Using two different approaches in the entity recognition step, it can be said that the n-gram approach generally identifies all named entities in the input text. As a result, these entities are more likely to be correctly linked by the proposed disambiguation process. On the other hand, it has a higher execution time than the lexical entity recognition (LER) method. Moreover, the LER certainly provides a considerable F-measure, but it fails, in some cases, to identify the entity, therefore stopping the disambiguation process. Thus, entity recognition is a crucial step for the NED task.

However, WeLink has certain limitations; one of the failure cases is spelling mistakes such as “Cheryl Teigs” where the corresponding resource is “dbr:Cheryl_Tiegs”. WeLink also fails when the words in the question differ from the resource name, for example, the word “oscar”, a benchmark for “dbr:Academy_Award”.

7 Conclusion

This paper addressed Named Entity Disambiguation (NED) in a short text in general and in Question Answering Systems (QASs) in particular. NED is one of the essential components in the development of open and modular QASs. The proposed approach combines semantic and syntactic features to overcome the context shortness. We designed WeLink, a Named Entity Disambiguation system for short texts, based on (i) exploiting context similarity by expanding the entity context using WordNet, (ii) using entities for queries that contain more than one entity, (iii) exploiting relations by comparing relations between entities to candidate properties, (iv) the distance between the entity name and the resource name, and (v) the use of syntactic features. One of the most important characteristics of the proposed method is its ability to be deployed for open QASs.

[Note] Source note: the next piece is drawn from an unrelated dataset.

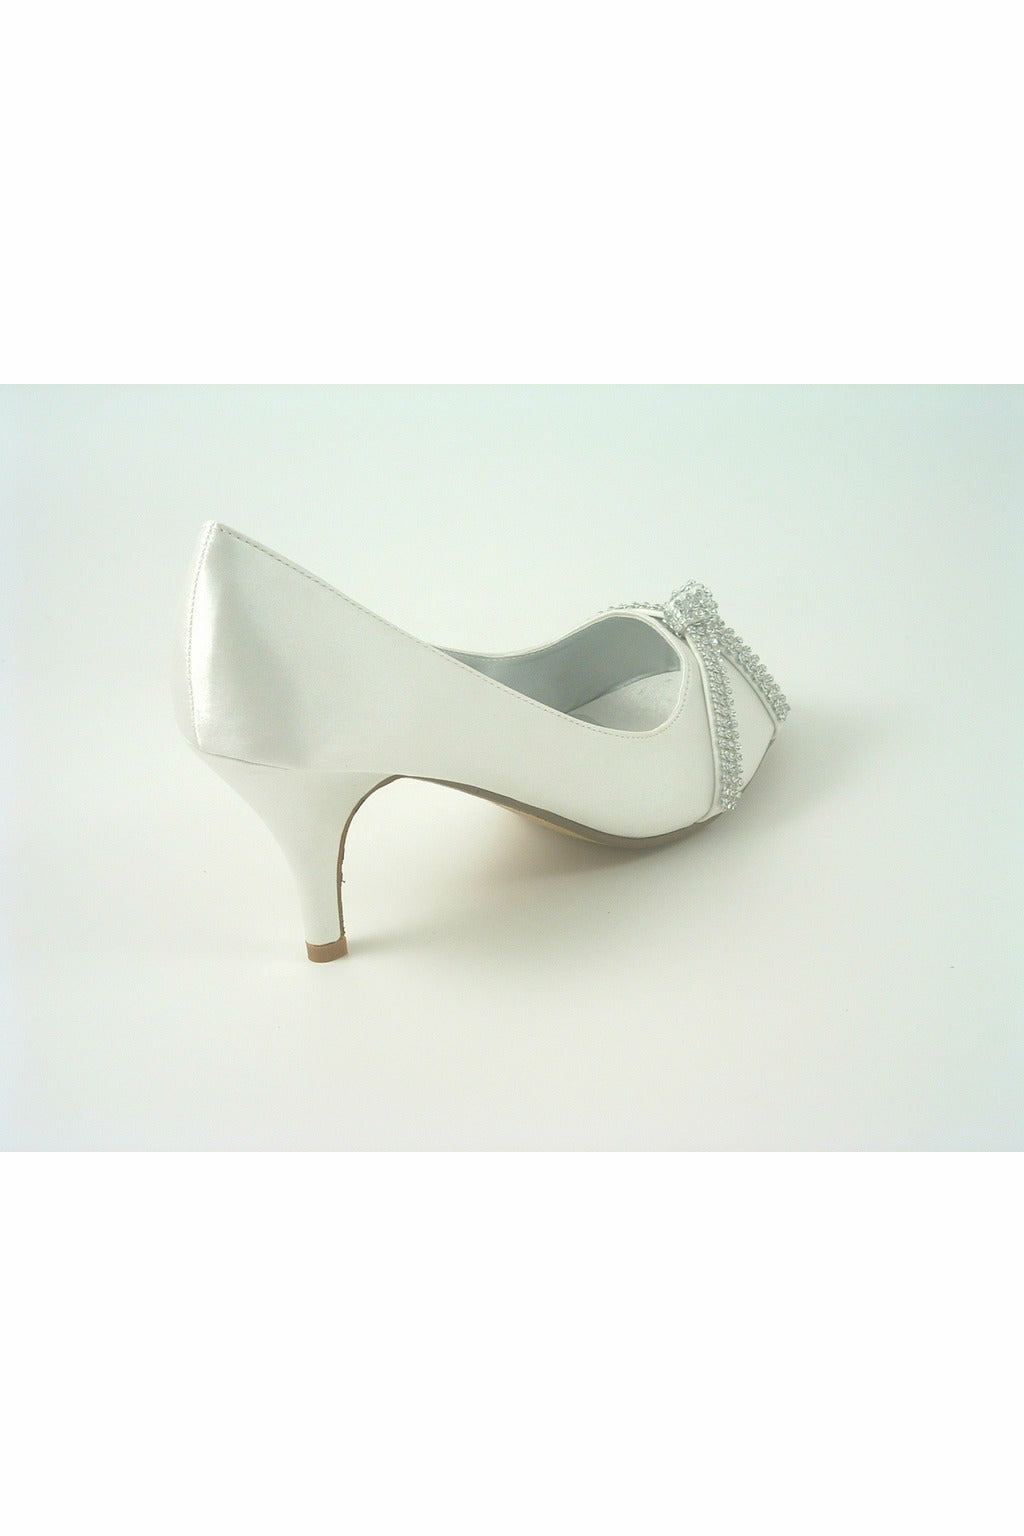 Diamante Metallic Peep Toe Court Shoe Flora29645

Experiments were conducted on five datasets: QALD-7, QALD-8, QALD-9, TREC 2014 Microblog, and ERD14. WeLink outperforms the related-work system and increases the F-measure by an average of 27%. In addition, we detailed the impact of each metric on the disambiguation process and concluded that relations exploitation has more impact on the F-measure than coherence between entities. We believe that our proposal is complete and its code is available at: https://github.com/wissembrdj/welink. Also, it is accessible via a REST API.

Currently, we are working on improving the entity recognition stage, which impacts both the effectiveness and efficiency of NED. We are also focusing on the problems we identified during the validation of Welink, such as spelling mistakes. Finally, we would like to investigate multilingual entity linking and explore more Knowledge Graphs.